VIFs = [variance_inflation_factor(X.values, i) for i in range(X.shape[1])]
for idx, vif in enumerate(VIFs):
    print(f"VIF for column {X.columns[idx]}: {vif.round(3)}")
VIF for column year: 1.0
VIF for column access_clean_perc: 1.678
VIF for column gdp: 1.679
VIF for column popn: 1.001
  • Entity and Year have relatively high VIF

  • Remaining columns relatively low VIF

Ridge regression: applied

  • Model summary
  • Residual plot
Code
X_train, X_test, y_train, y_test = train_test_split(X, y, test_size = 0.2, random_state = 42)

# Add a constant to the model (for statsmodels)
X_train_const = sm.add_constant(X_train)
X_test_const = sm.add_constant(X_test)

# Initialize the Ridge Regression model
ridge_reg = Ridge(alpha = 1)  # Alpha is the regularization strength; adjust accordingly

# Fit the model
ridge_reg.fit(X_train, y_train)

# Predict on the testing set
y_pred = ridge_reg.predict(X_test)

# Calculate and print the MSE
mse = mean_squared_error(y_test, y_pred)
print(f'Mean Squared Error: {mse.round(2)}\n')

# Since Ridge doesn't provide AIC, BIC directly, we focus on what's available
print(f'R-squared: {r2.round(2)}')
Mean Squared Error: 1526.71

R-squared: 0.8
Code
residuals = y_test - y_pred
sns.residplot(x = y_pred, y = residuals, lowess = True, line_kws = {'color': 'red', 'lw': 1})
plt.xlabel('Predicted Values')
plt.ylabel('Residuals')
plt.title('Residual Plot')
plt.show()

Model tuning

Optimizing the hyperparameters of a machine learning model to enhance its performance.
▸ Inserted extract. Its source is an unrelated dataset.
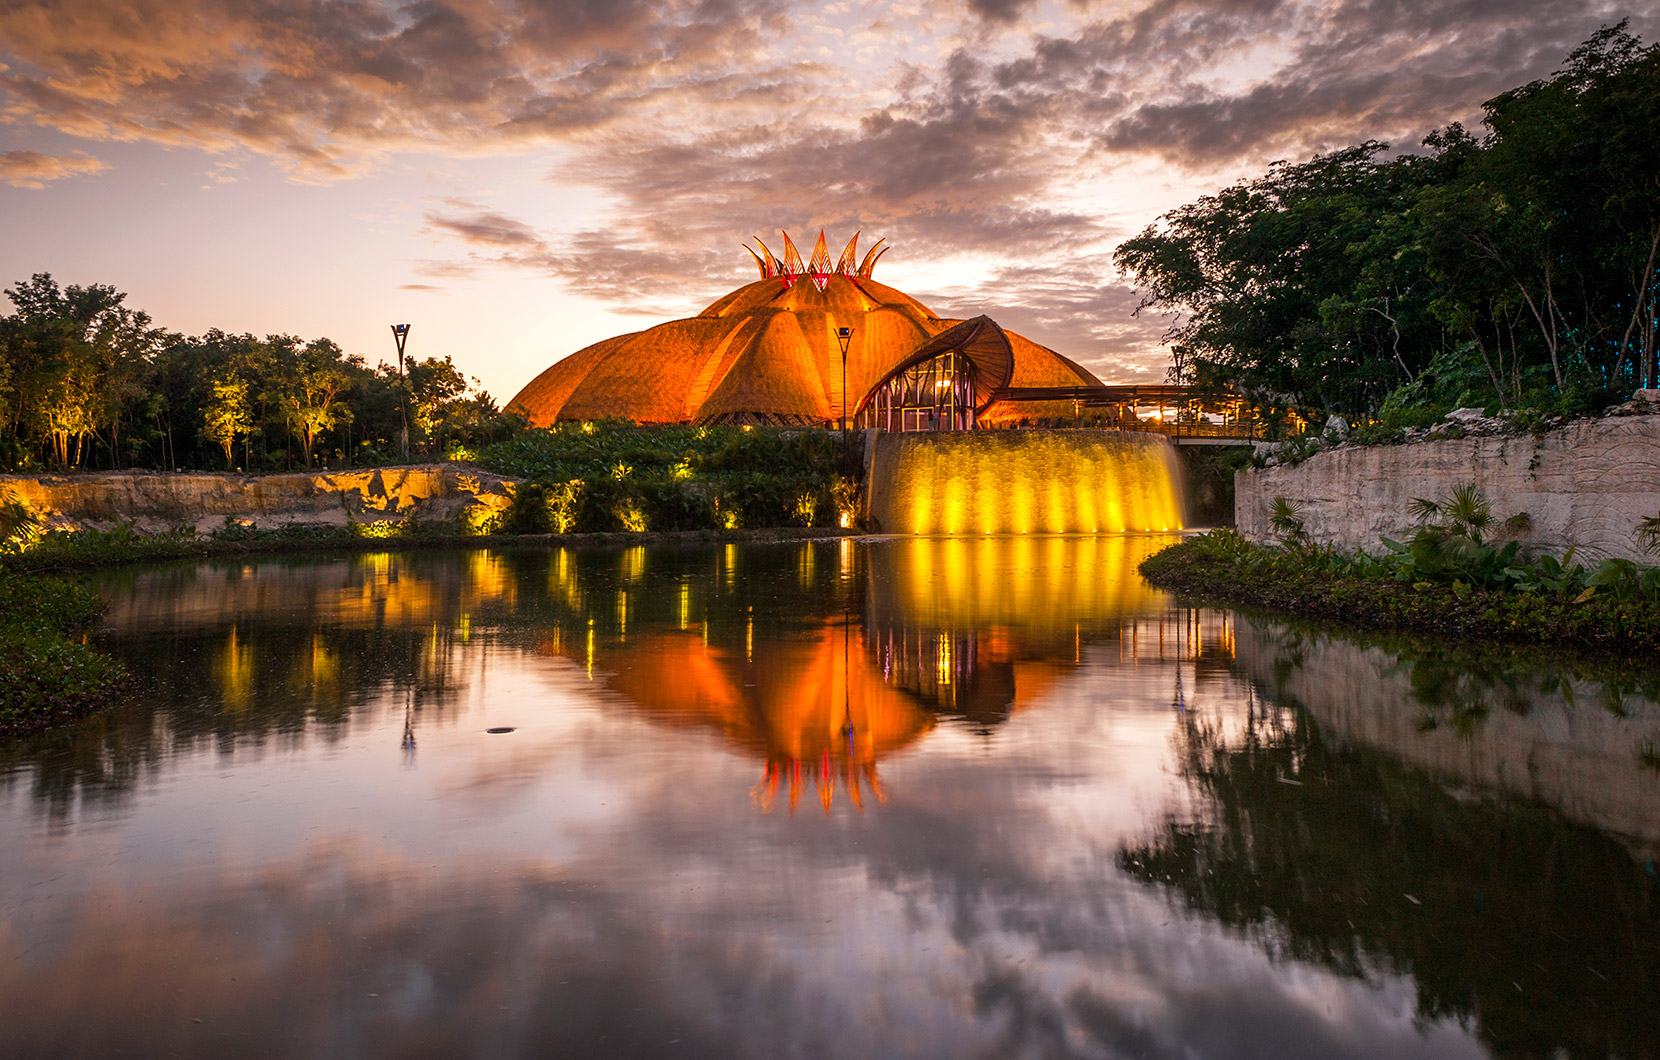 : La arquitectura del Teatro del Cirque du Soleil, es una creación ganadora de premios.

The process aims to find the best combination of hyperparameters that results in the most accurate predictions for a given dataset.

Key points:

  • Hyperparameters: Pre-set parameters influencing model behavior, not derived from data.

  • Search Methods: Techniques like Grid Search and Random Search to explore hyperparameter spaces.

  • Cross-Validation: Essential for assessing model generalizability during tuning.

  • Performance Metrics: Criteria like accuracy or MSE to evaluate hyperparameter efficacy.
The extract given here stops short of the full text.